It’s easy to assume that automating everything will lead to a better world. Computers that supercharge our productivity. Apps that make life faster and easier. Robots that spare us from the drudge.

The steady stream of innovations coming out of Silicon Valley only serves to feed that narrative of a better life through technology.

Yet there are some who would question those assumptions. The author Nicholas Carr has a talent for picking apart digital modernity’s most cherished boasts. His 2008 essay for The Atlantic magazine, “Is Google making us stupid?” continues to be debated today, alongside the bestselling 2010 book that followed it: The Shallows. For those looking to technology to save the world, Carr is among our most influential naysayers. For those uneasy about tech’s effects on our minds and lives, his is among the most measured of dissenting voices.

Now he has turned to a new question: should we fear a world where we are not challenged anymore? Will technology make life too efficient?

Earlier this year, I discussed his new book The Glass Cage: Where Automation is Taking Us, and the thinking behind it with Carr himself. We spoke about the myths of technology, the lessons to be learned from video games and what happens when machines replace people:

1. An important myth about technology

“We have come to assume that efficiency and convenience are always good…this is a naive approach”

Tom Chatfield: It seems to me that what you’re trying to do in The Glass Cage is myth-busting: dismantling the simplicity of the assumption that technology is there to make things easier, and that making things easier is a good thing, full stop.

Nicholas Carr: At both a personal and an institutional level, we have come to assume that efficiency and convenience are always good, and maximising those things is always a worthy goal.

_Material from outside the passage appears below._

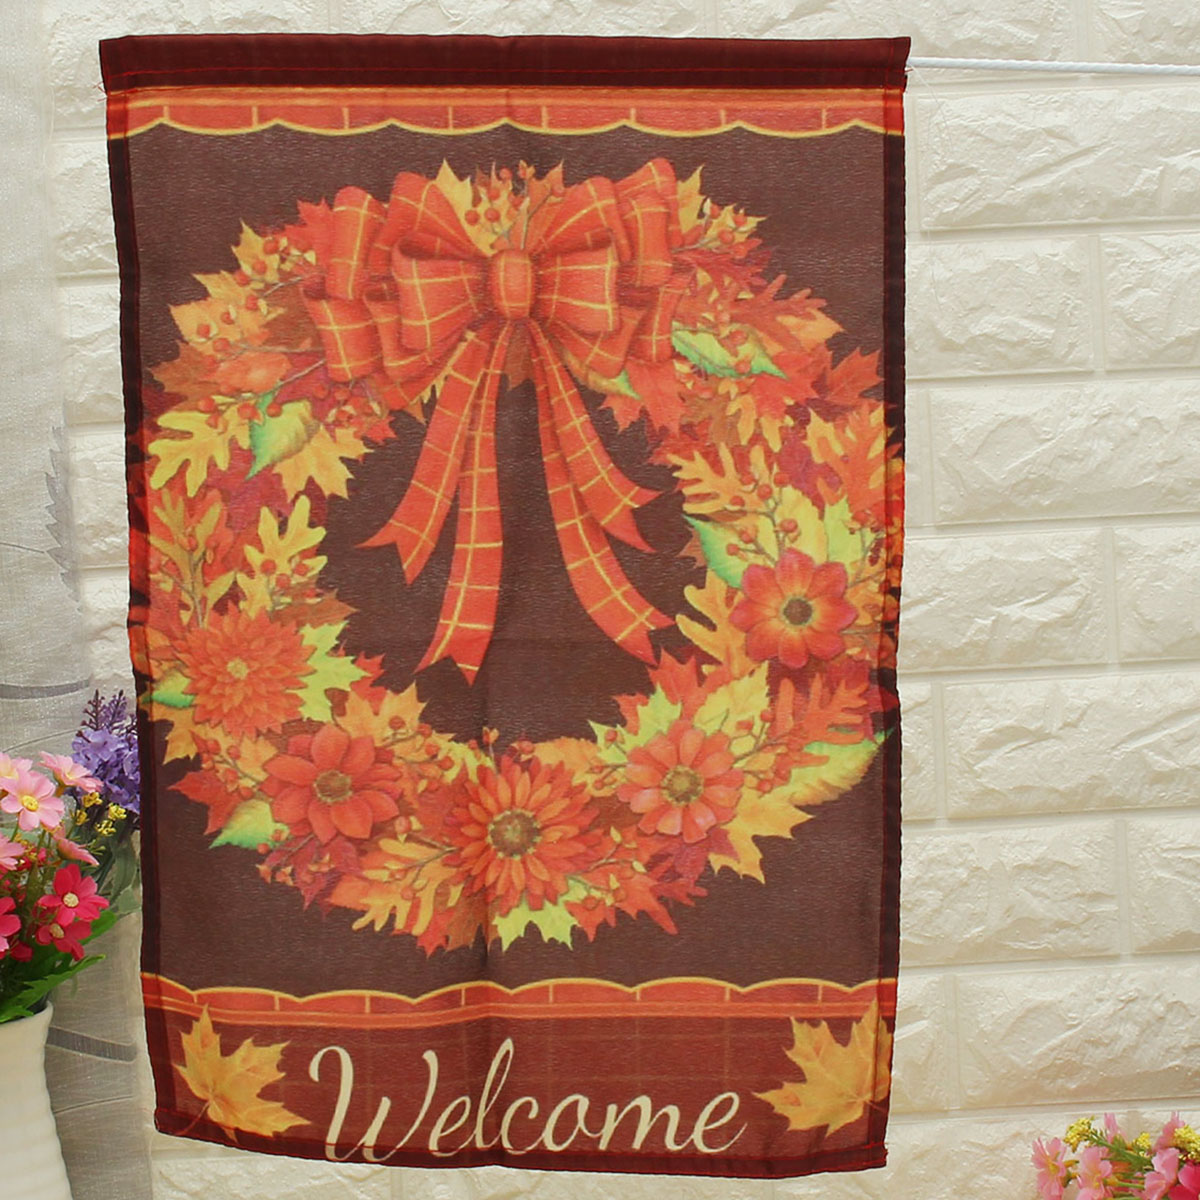 125x18-Fall-Wreath-Garden-Flag-Welcome-Autumn-Leaves-Floral-Briarwood-Lane-Decorations-1343584-2

And it does seem to me that this is a naive approach to take when thinking about technology in all its forms: in particular when thinking about computer automation, but also when thinking about our own desires and experience of life and of the world.

TC: Yet a lot of technologists are tied into a utilitarian perspective, which argues that our worst mistakes come from neglecting efficiency and logic – that we don’t know what is good for us. So the great task for technology, in this view, is to identify our irrationalities and the gaps in our thinking, and then to make systems that compensate for these. Are they wrong?

NC: On the one hand, a lot of what we see going on with computers and the design of automated systems does stem from this fundamental assumption that human beings are horribly flawed, particularly when compared to computers themselves. You can program computers to do certain things, and they will then do them perfectly well over and over again. You can’t rely on human beings to have that kind of tractability, that kind of precision.

So that’s one part of it. But then the other part is to go even farther and say, human beings are so fundamentally flawed that we need to give them as small a role as possible, and look to computers to do everything possible that we can make computers do. It’s not only about trying to remedy human beings’ flaws, it’s also about saying, if we can just get humans out of the picture and let the computers do things, we will be much better off.

TC: None of which sounds like a good idea. So is there a ‘right’ kind of automation?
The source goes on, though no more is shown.